FIG. 5 is a time chart of the test control of the leakage detection circuit. FIG. 5 (a) shows the waveform of the on / off signal of the switching element 9, and FIG. 5 (b) shows the waveform of the current flowing through the resistor 8 and the zero-phase current transformer 1. This is the difference between the currents flowing through the two primary poles. FIG.
(c) is an output voltage waveform on the secondary side of the zero-phase current transformer 1. FIG. 5D shows the output voltage waveform of the determination unit 2, that is, the output voltage waveform of the leakage detection circuit 3.

When the test control of the leakage detection circuit is started in step 21 shown in FIG. 4, the control means 4 turns on the switching element 9 in step 22. When the switching element 9 is turned on, the resistor 8 is energized, and the voltage of the commercial power supply 10 is
5b, the current value divided by the value of 流 れ る flows through only one pole of the primary winding of the zero-phase current transformer 1 between the two poles on the primary side of the zero-phase current transformer 1 as shown in FIG. 5c, a voltage as shown in FIG. 5C is output to the secondary side of the zero-phase current transformer 1 according to the current value.
Here, if the leakage detection circuit 3 is normal, FIG.
As described above, the determination unit 2 outputs a low signal for a predetermined period Ts1.

In step 23, the control means 4 detects whether the output of the judgment section 2, that is, the output of the electric leakage detection circuit 3 is low. If the judgment unit 2 outputs a low signal, step 2
In step 4, it is determined that the leakage detection circuit 3 is normal, and
In step 5, the switching element 9 is turned off. In step 26, when the low output of the leakage detection circuit 3 becomes high, the leakage detection circuit test control ends.

Here, the leak detection circuit test control in step 26 is terminated when the output of the leak detection circuit 3 returns from low to high. However, the present invention is not limited to this. The process may be terminated after a predetermined time Ts6 elapses after turning off the switch 9.

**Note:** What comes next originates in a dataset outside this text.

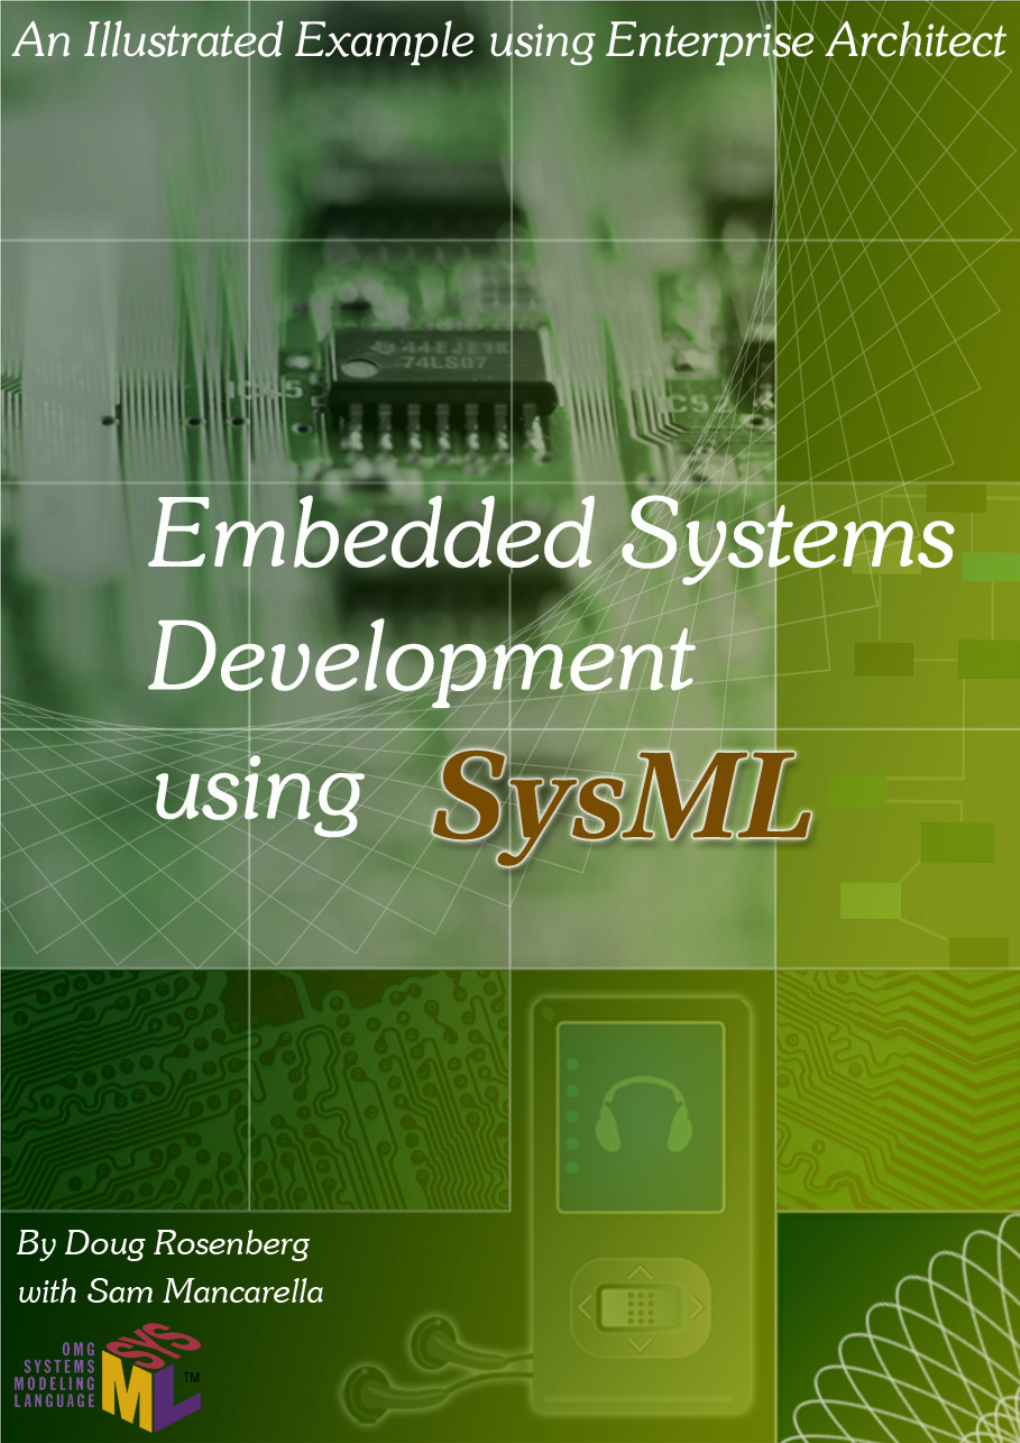 Embedded Systems Development Using Sysml and the Enterprise Architect System Engineering Edition
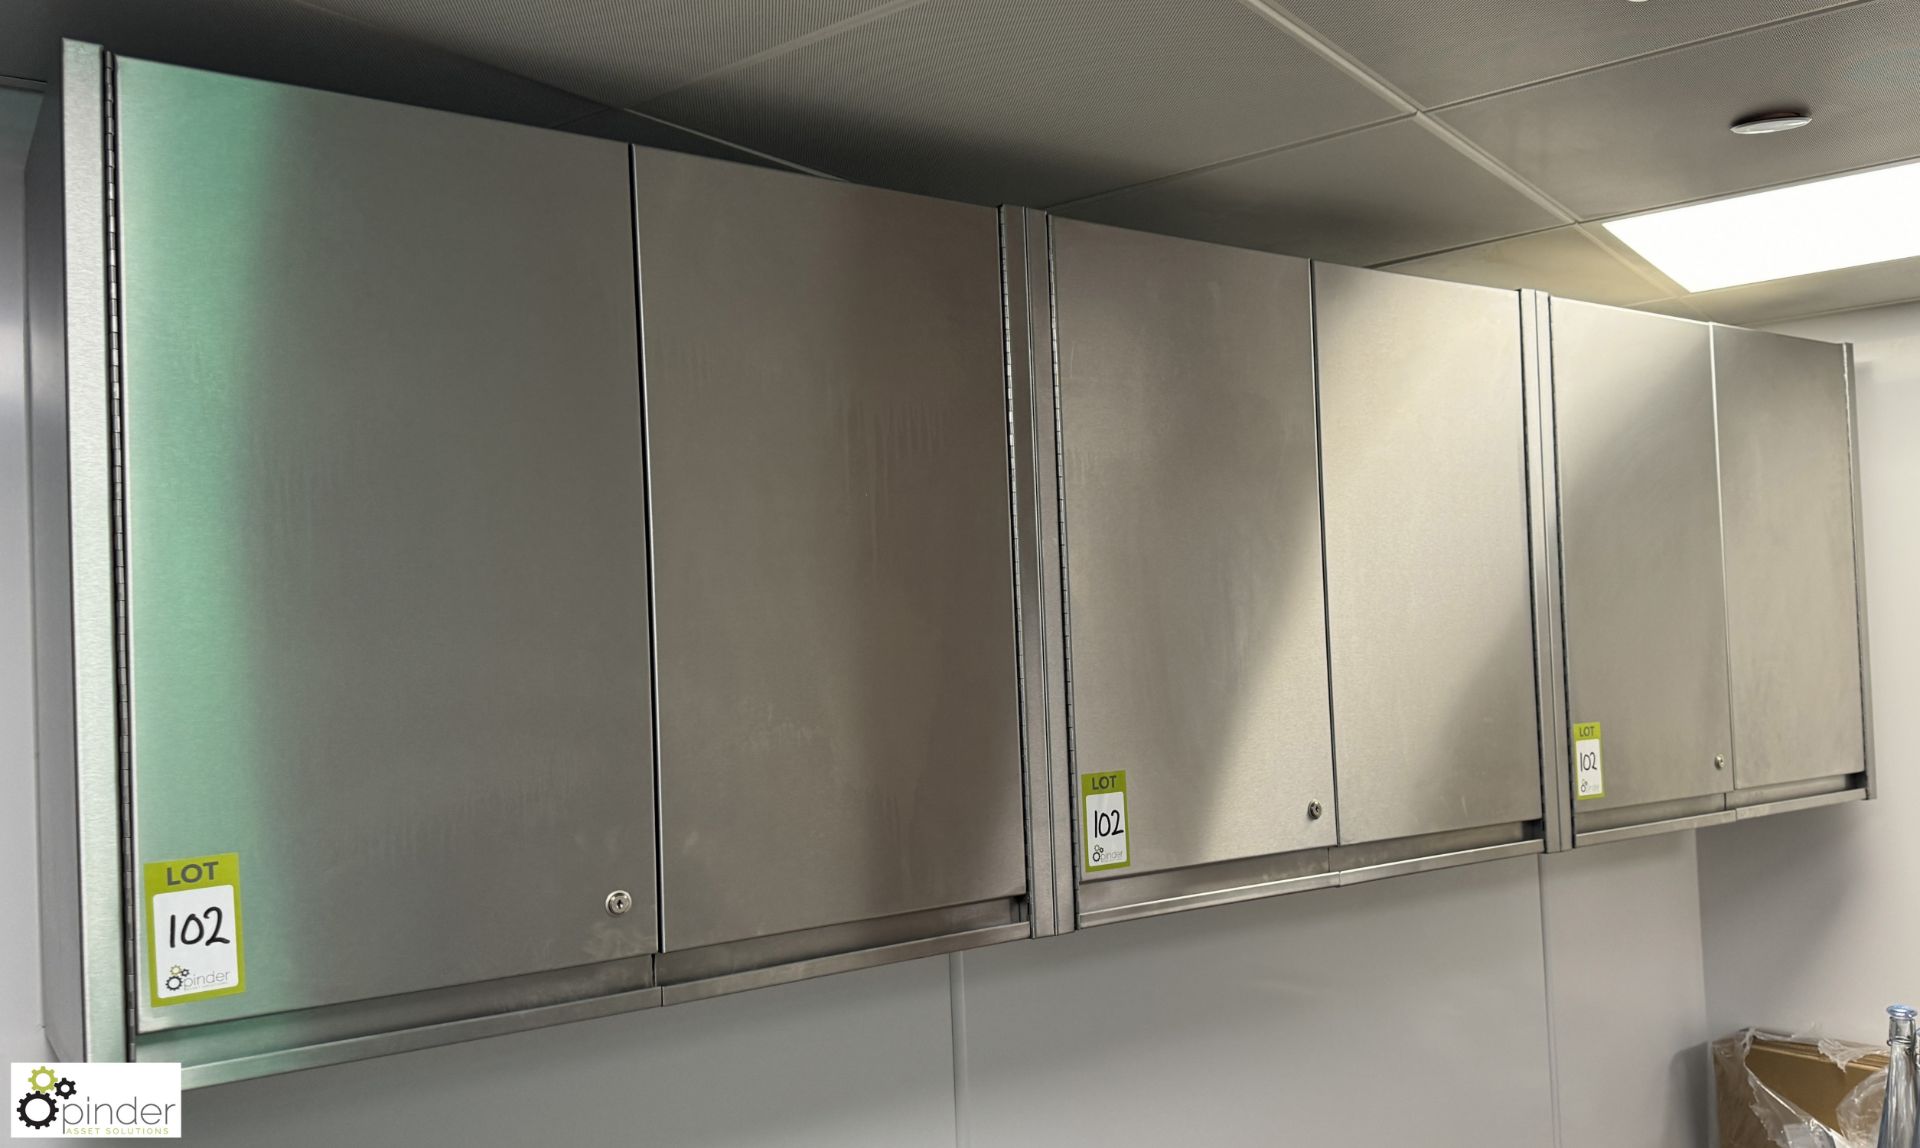 3 stainless steel wall mounted Cabinets, 900mm x 350mm x 800mm (location in building – basement - Image 2 of 4

If the judging section 2 does not output low for the predetermined period Ts4, it is judged in step 27 that the leakage detecting circuit 3 is abnormal, the switching element 9 is turned off in step 28, and the power is turned on and off in step 29. The means 6 is turned off, and the power supply to the load device 5 is stopped.

In the present embodiment, the leakage of the load device 5 is always detected during a period other than the leakage detection circuit test control.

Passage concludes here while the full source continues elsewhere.